_Input records_.
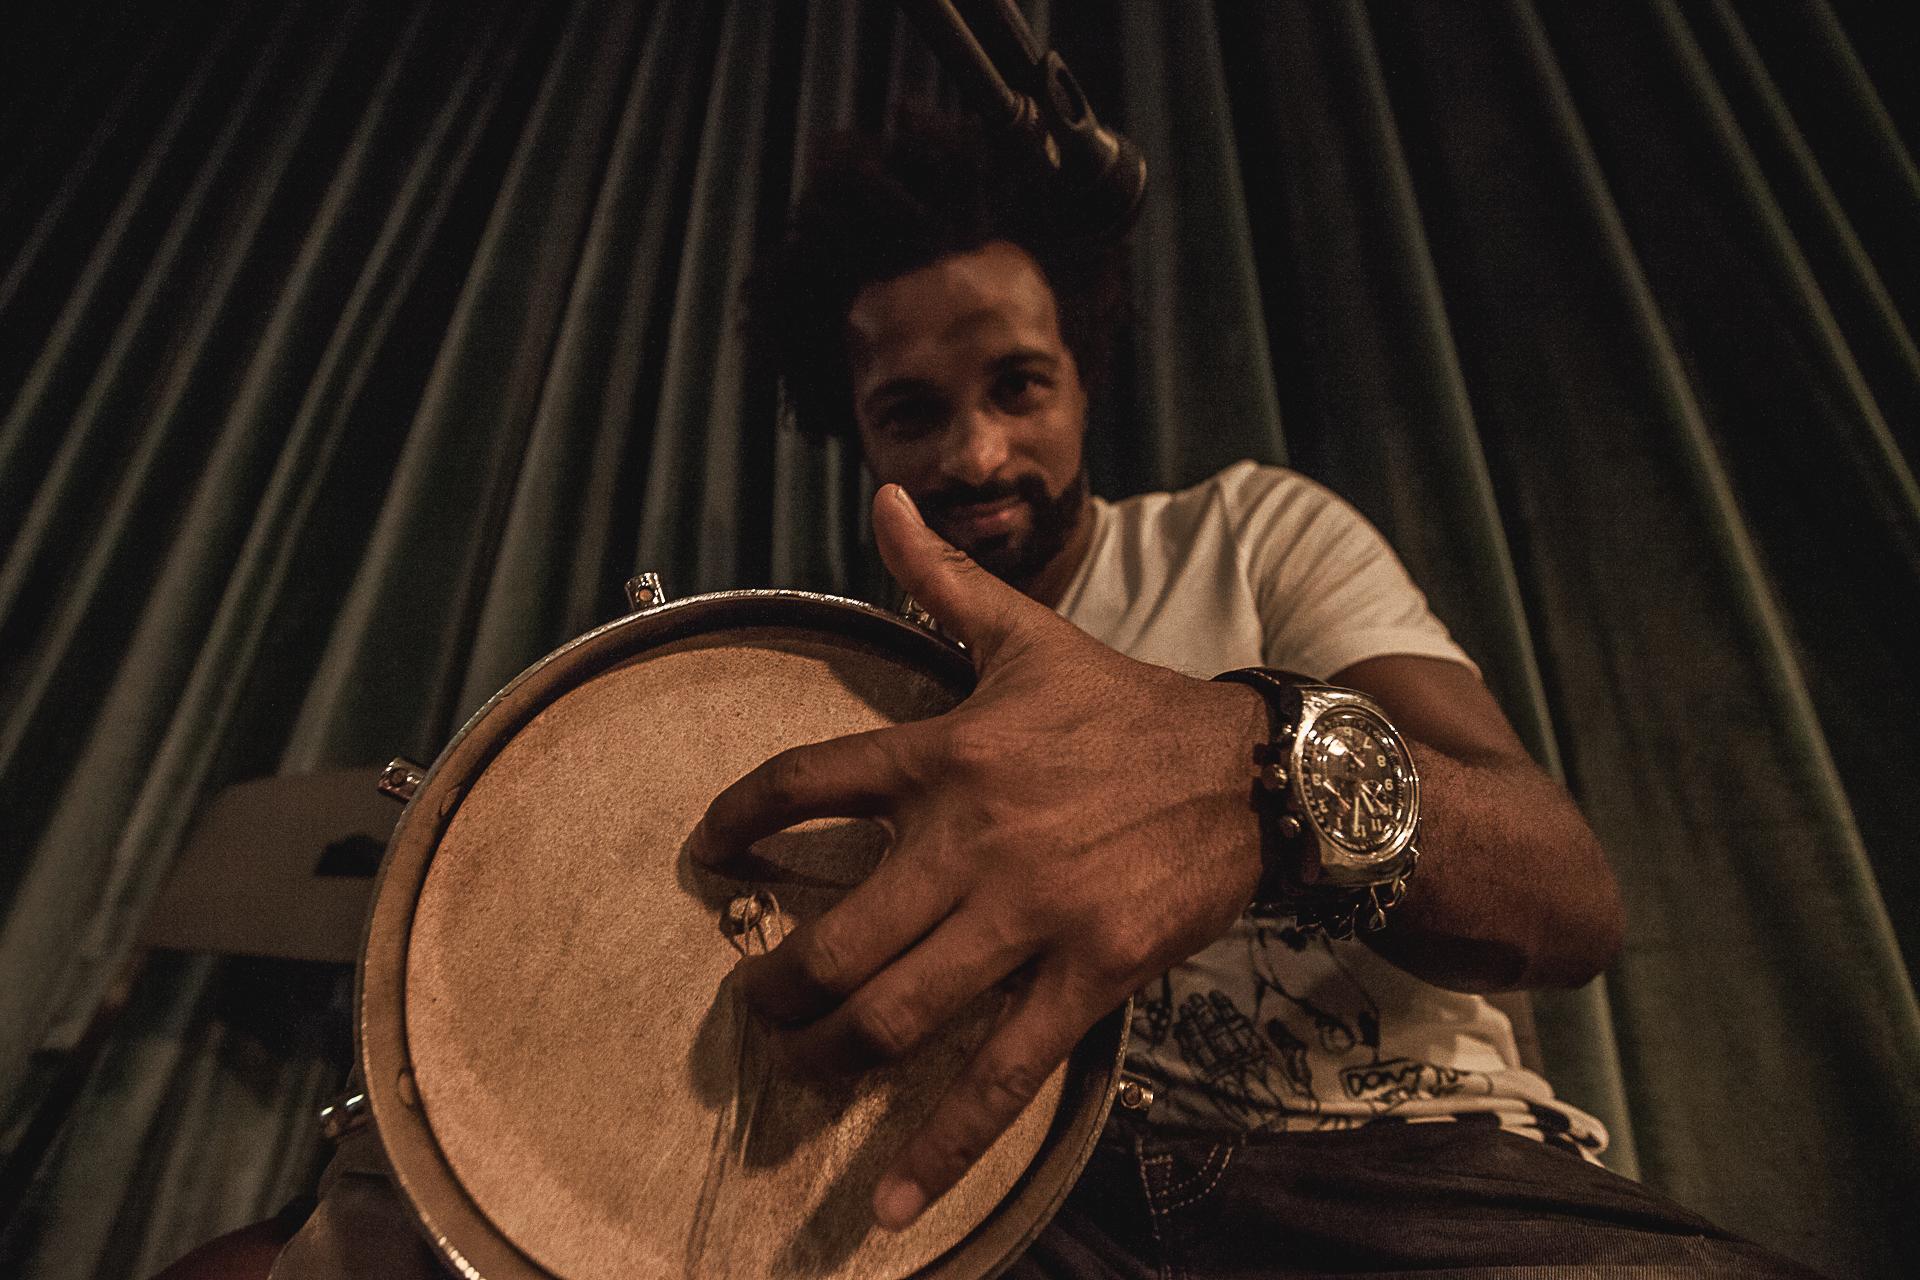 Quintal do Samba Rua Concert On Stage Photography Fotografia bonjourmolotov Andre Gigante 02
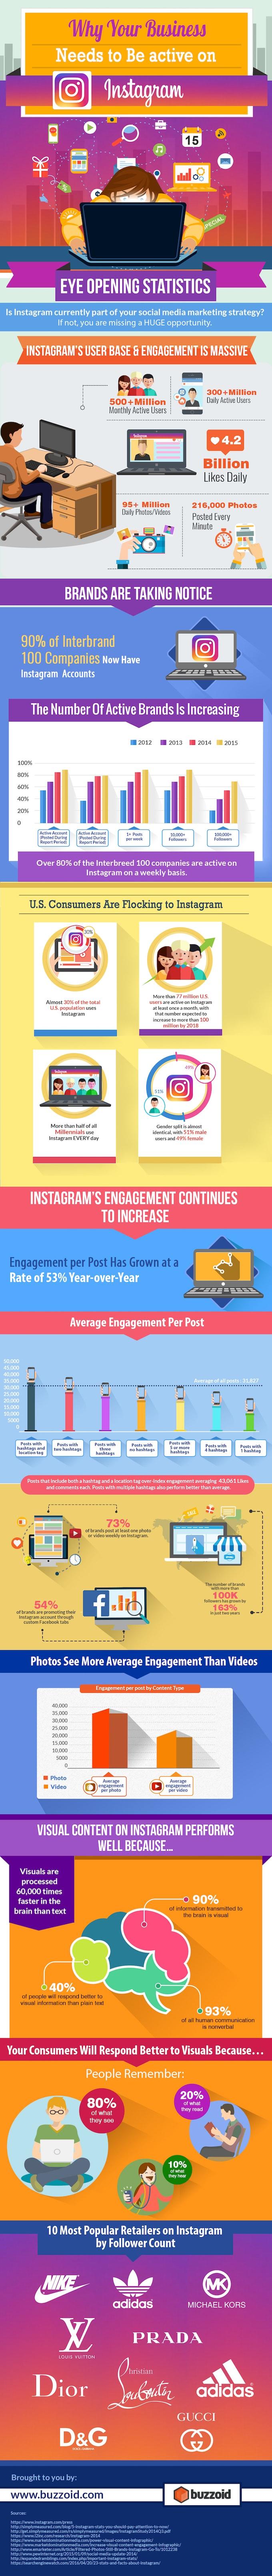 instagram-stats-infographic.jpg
---
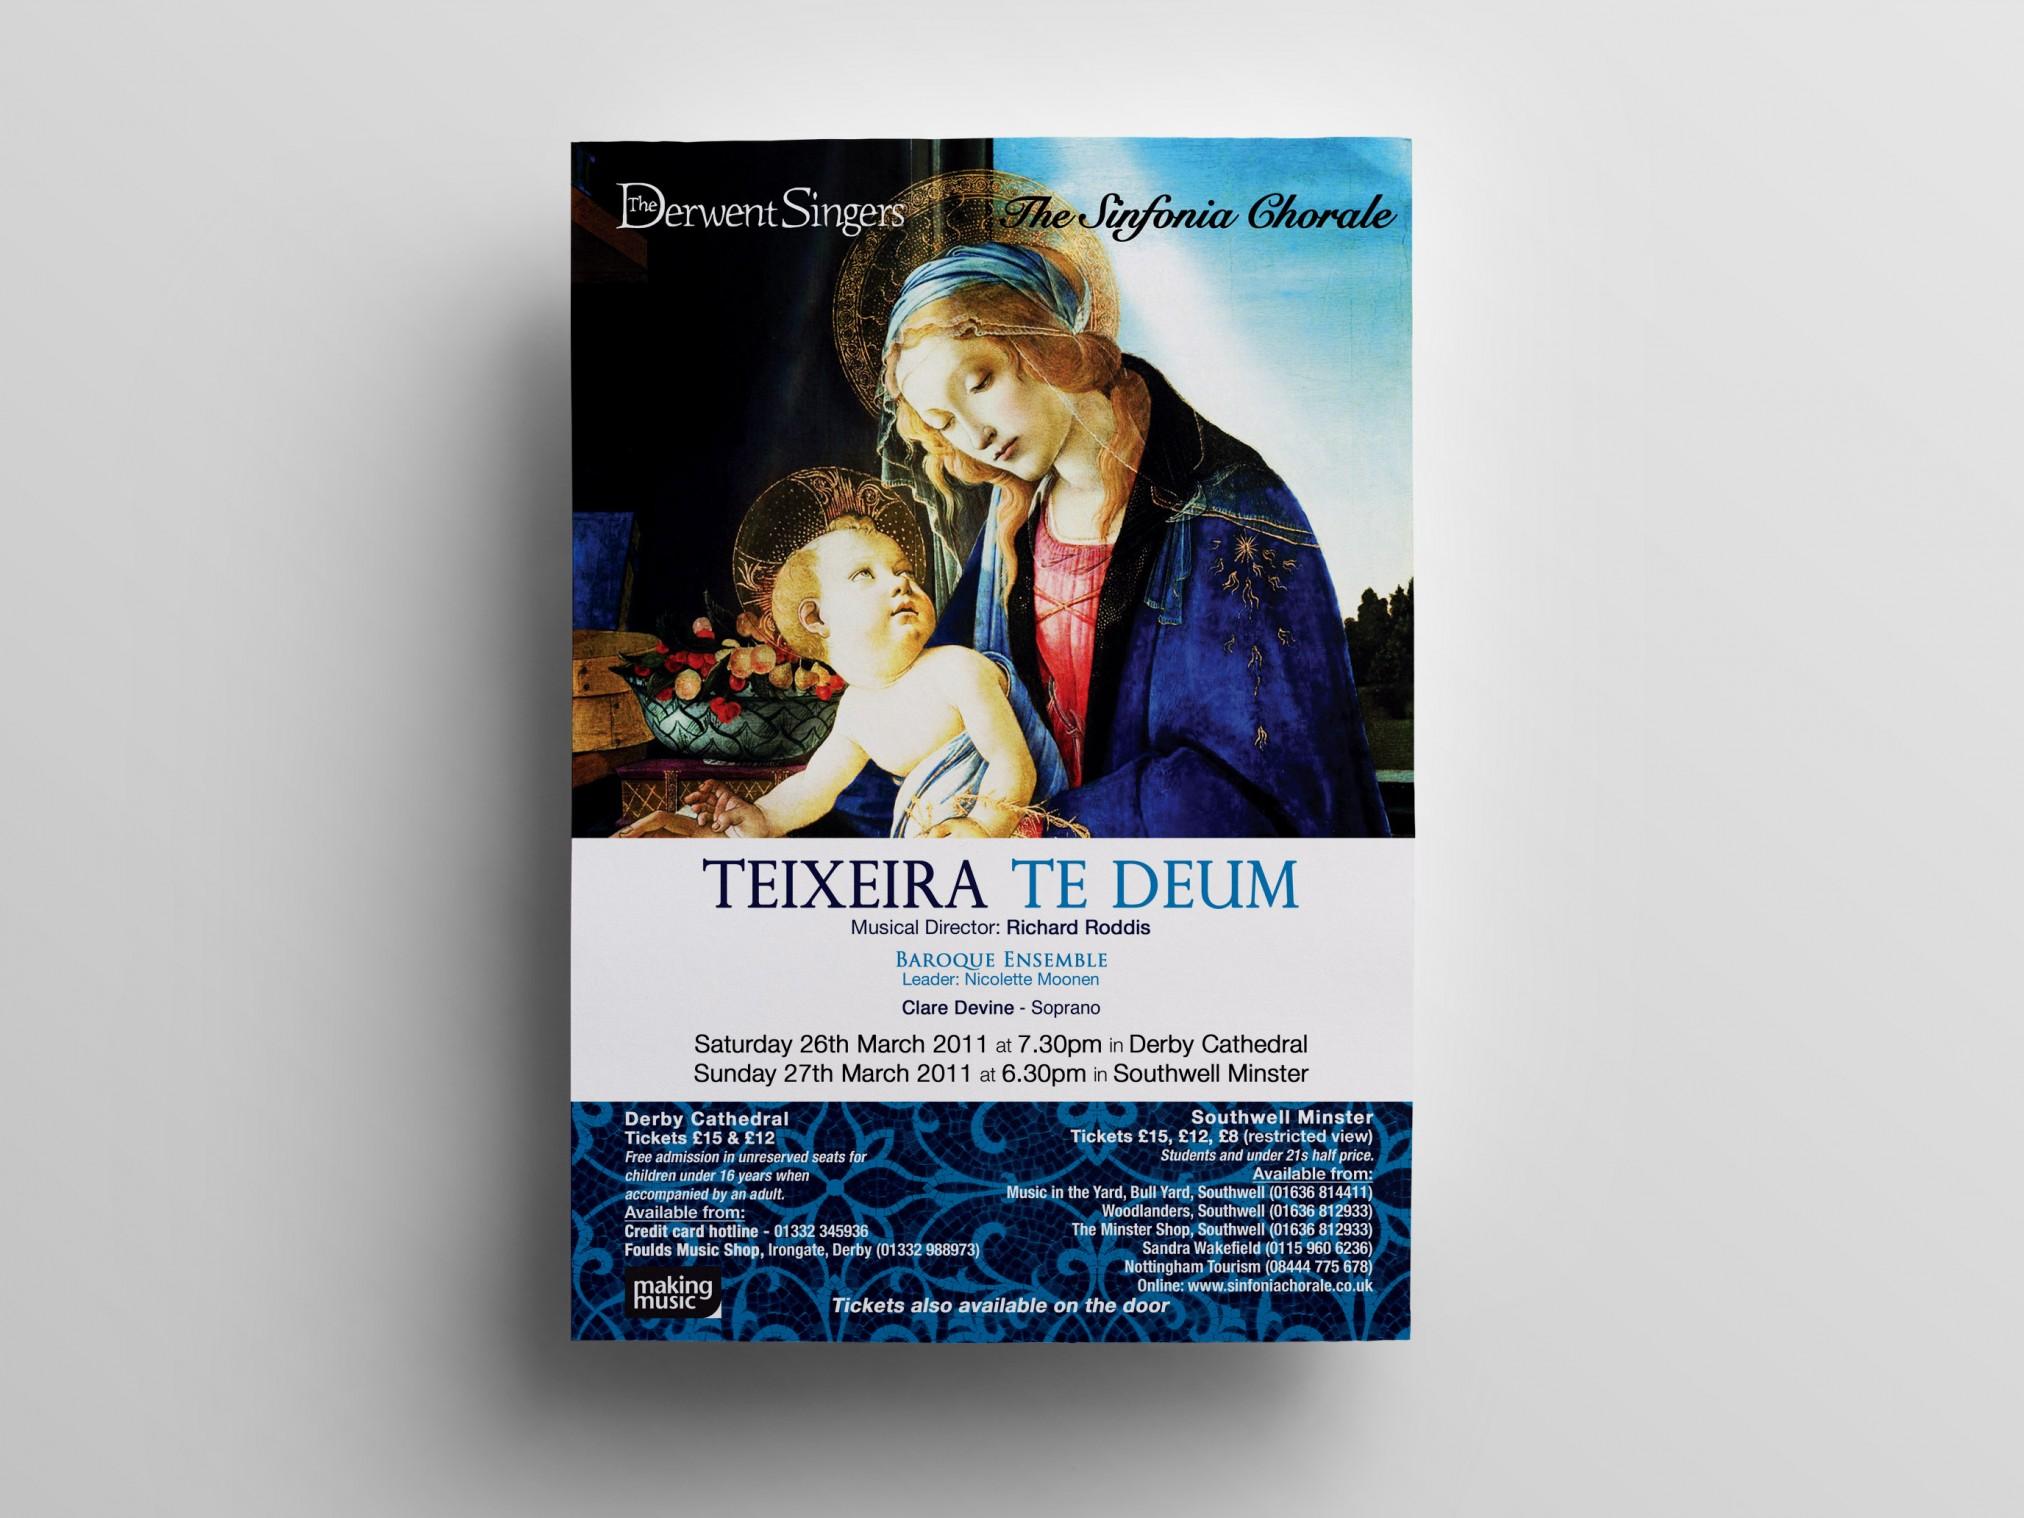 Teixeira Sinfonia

_What to do_.
Using the data above, transcribe exactly the lines between those containing "Quintal do Samba" and "instagram-stats-infographic.jpg", inclusive, and leave every picture behind.

_Answer to this exercise_.
 Quintal do Samba Rua Concert On Stage Photography Fotografia bonjourmolotov Andre Gigante 02
 instagram-stats-infographic.jpg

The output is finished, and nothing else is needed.